Crate after crate was unloaded – from baby wipes to milk formula – necessities being provided by Jews the world over to the people of New Orleans in the immediate aftermath of the disastrous Hurricane Katrina. The massive outpouring of donations and volunteerism came from all corners of the organized Jewish community. It was a proud moment to see us – always a giving people – open our hearts and our pocketbooks in a time of crisis.
Day schools and youth groups made special trips to New Orleans to assist with the cleanup. The same thing happened when fires raged across Montana, earthquakes hit California, and even with the BP oil spill: Jewish organizations and congregations throughout America mobilized to assist those in need. That’s what we do.
In none of those situations did I see a rabbi refuse to give his money or time, or question the preparedness of the United States. I never heard of any professional from a Jewish organization question whether $100,000 was needed or $1 million. Not one of us spent our precious time asking who was at fault. We simply responded because that is the Jewish way.
Why then, when a catastrophe like the Carmel Mountain fire breaks out, did I receive e-mails from rabbis and read articles stating that Israel should have been better prepared or questioning whether Keren Kayemeth LeIsrael/JNF planted the right trees over the past 100 years? How are these their first thoughts when such a tragedy occurs?

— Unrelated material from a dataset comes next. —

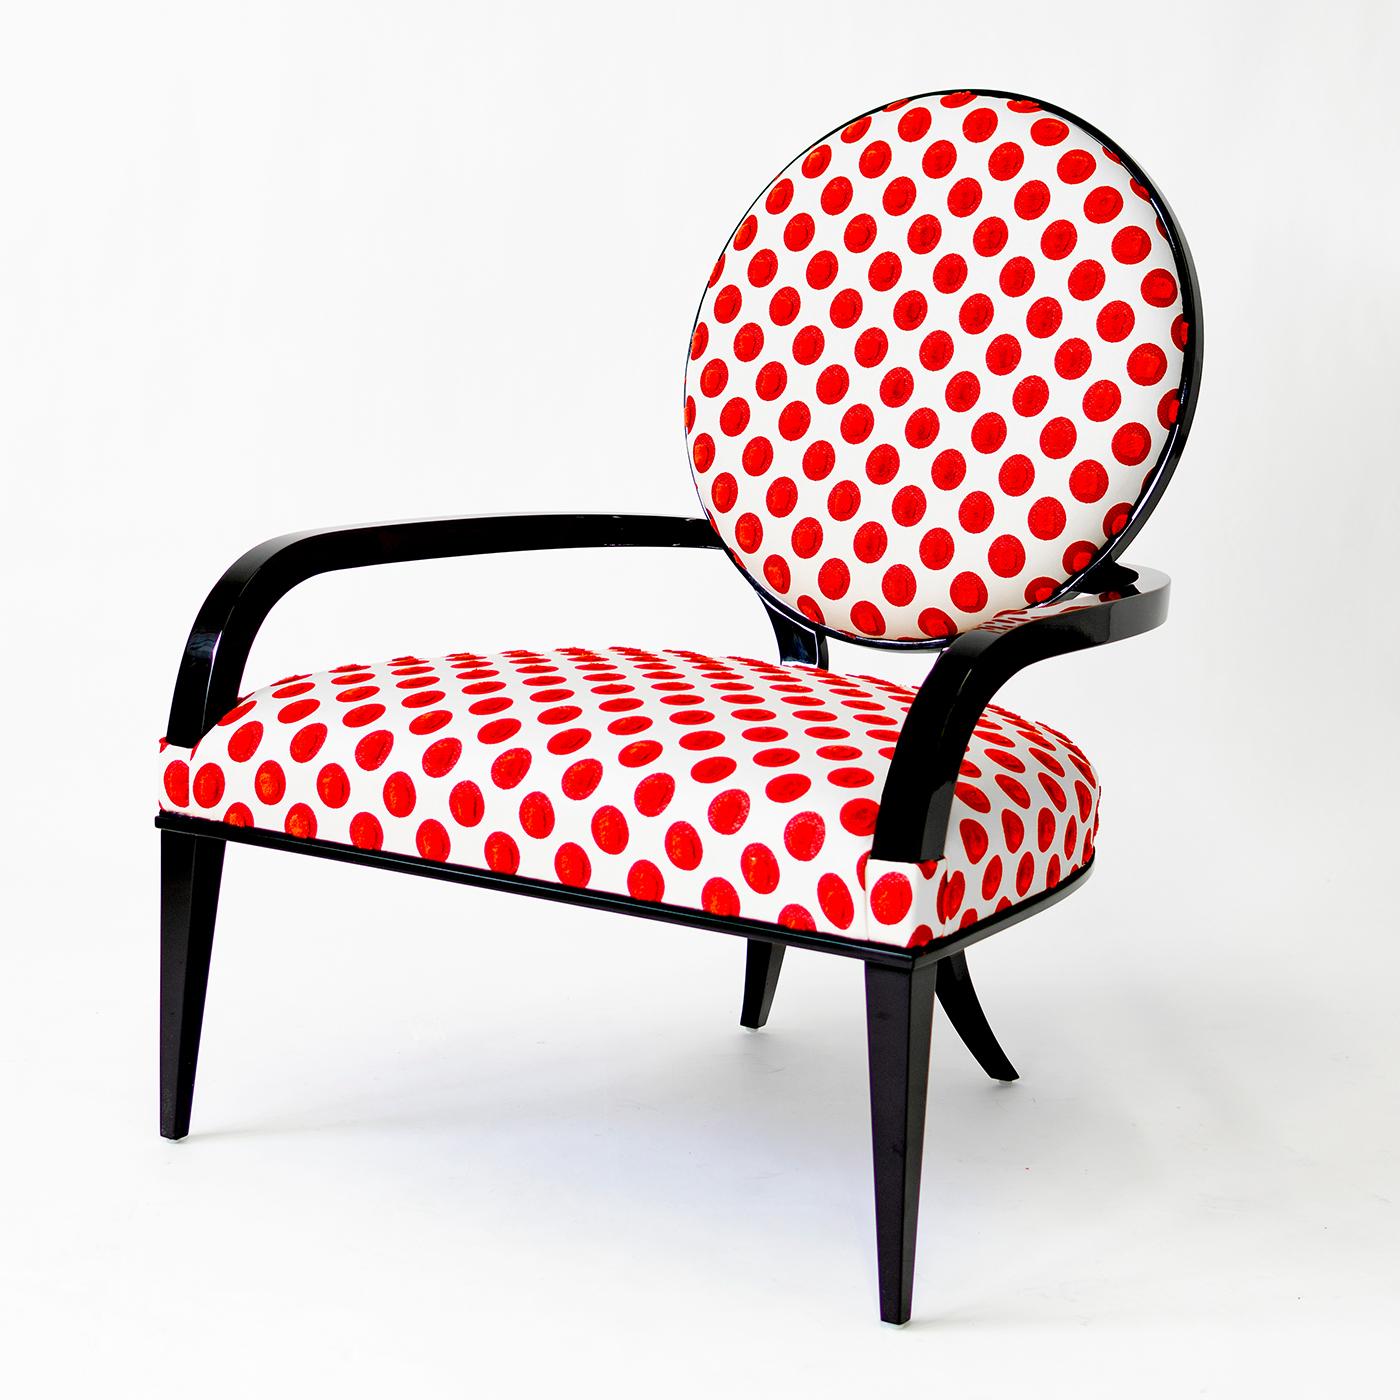 Ce fauteuil exclusif de G. Ventura associe une silhouette élégante à un rembourrage ludique, ce qui en fait le choix idéal pour une variété d'intérieurs. La construction complexe est définie par une forme accueillante, mise en valeur par les lignes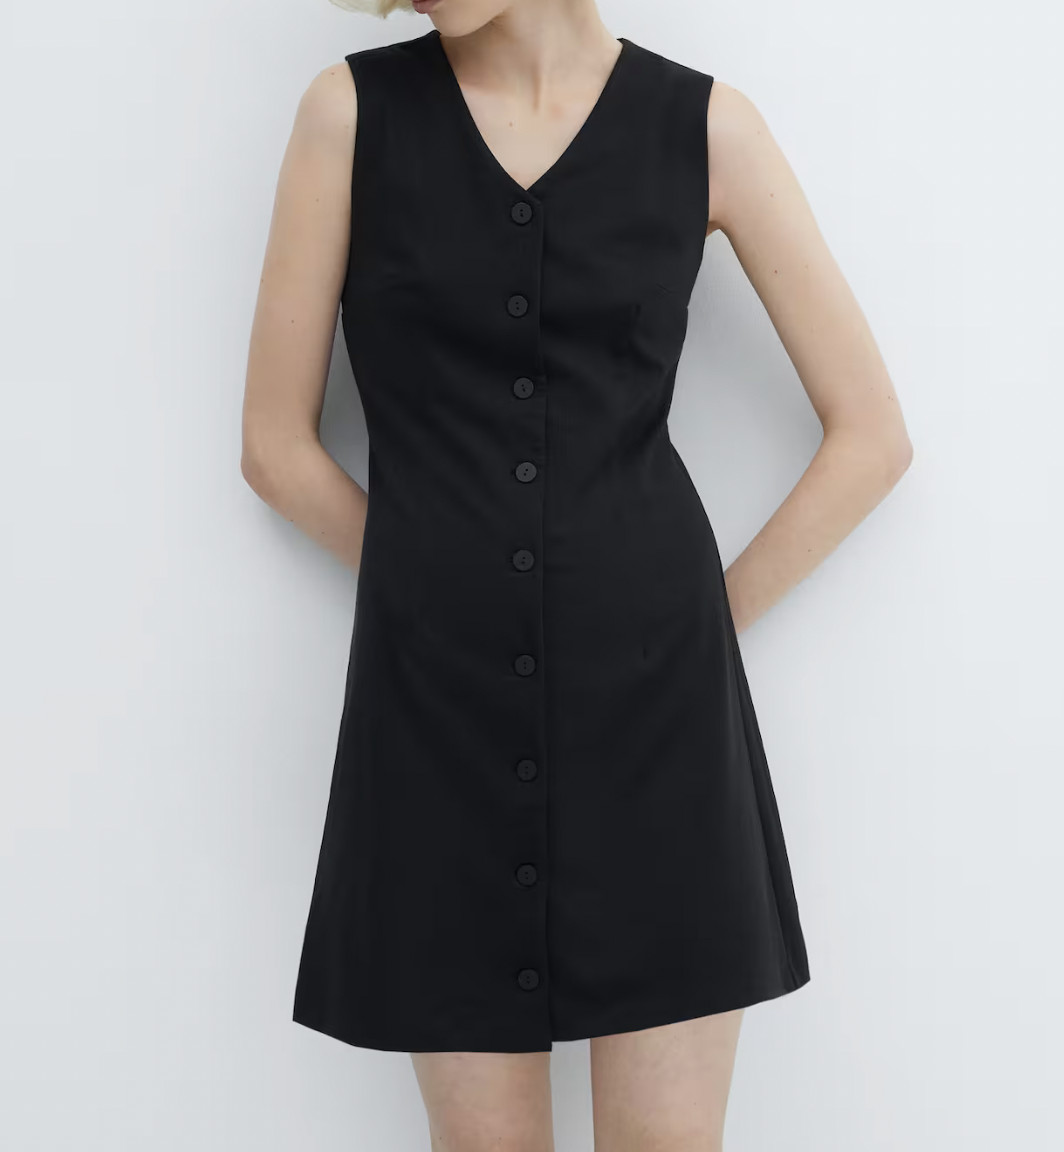 Маленькое черное платье — must-have гардероба каждой девушки. 8 стильных опций на любой бюджет

Have we become so insecure with who we are as a Jewish people and our connection to the land and people of Israel that for catastrophes anywhere else in the world we say yes, but for Israel we question?
Perhaps a fire hose could have been found for $1.99 less at another company, and perhaps a non-indigenous tree was planted. There may even be another fire when something may go wrong because we overlooked a detail. But that’s how it goes the world over. Hopefully you learn from your mistakes and move on. You don’t stop caring.
Thankfully, etched more deeply into my memory, are the great heroes and spirit of the Israeli people that I encountered when I went to survey the region.
During the first three days of the fire, 38,000 Israelis signed up on Facebook looking to volunteer for a day during the week of Tu B’Shevat and help replant or clean up – whatever they can for the land of Israel.
Within 48 hours, thousands and thousands from throughout the United States made online gifts to the Jewish National Fund. Hundreds of synagogues across America held Shabbat services and rallied their congregations for the land and people of Israel. That is the Jewish spirit I know.
Israel’s firemen drew a line in the sand and held the flames away to save a kibbutz, putting their own lives in peril. There were Keren Kayemeth LeIsrael foresters who drove a fire truck right into the forest to fight, and for four days they did not leave, battling the flames and treating every tree as if it were a life and needed to be saved. One forester took me to a dedication stone.
“This is for a family that planted trees in memory of their father,” he said to me. “I planted trees in memory of my parents. Every tree in Israel has a name and a connection, and it is my honor to work to save every one.”
Surely other emergencies or crises will take place in America, around the world, or in Israel, and when they do I will be proud to tell the world that I am a Jew because I know that we will respond with the passion and commitment that has made us a great people. I am secure in that knowledge.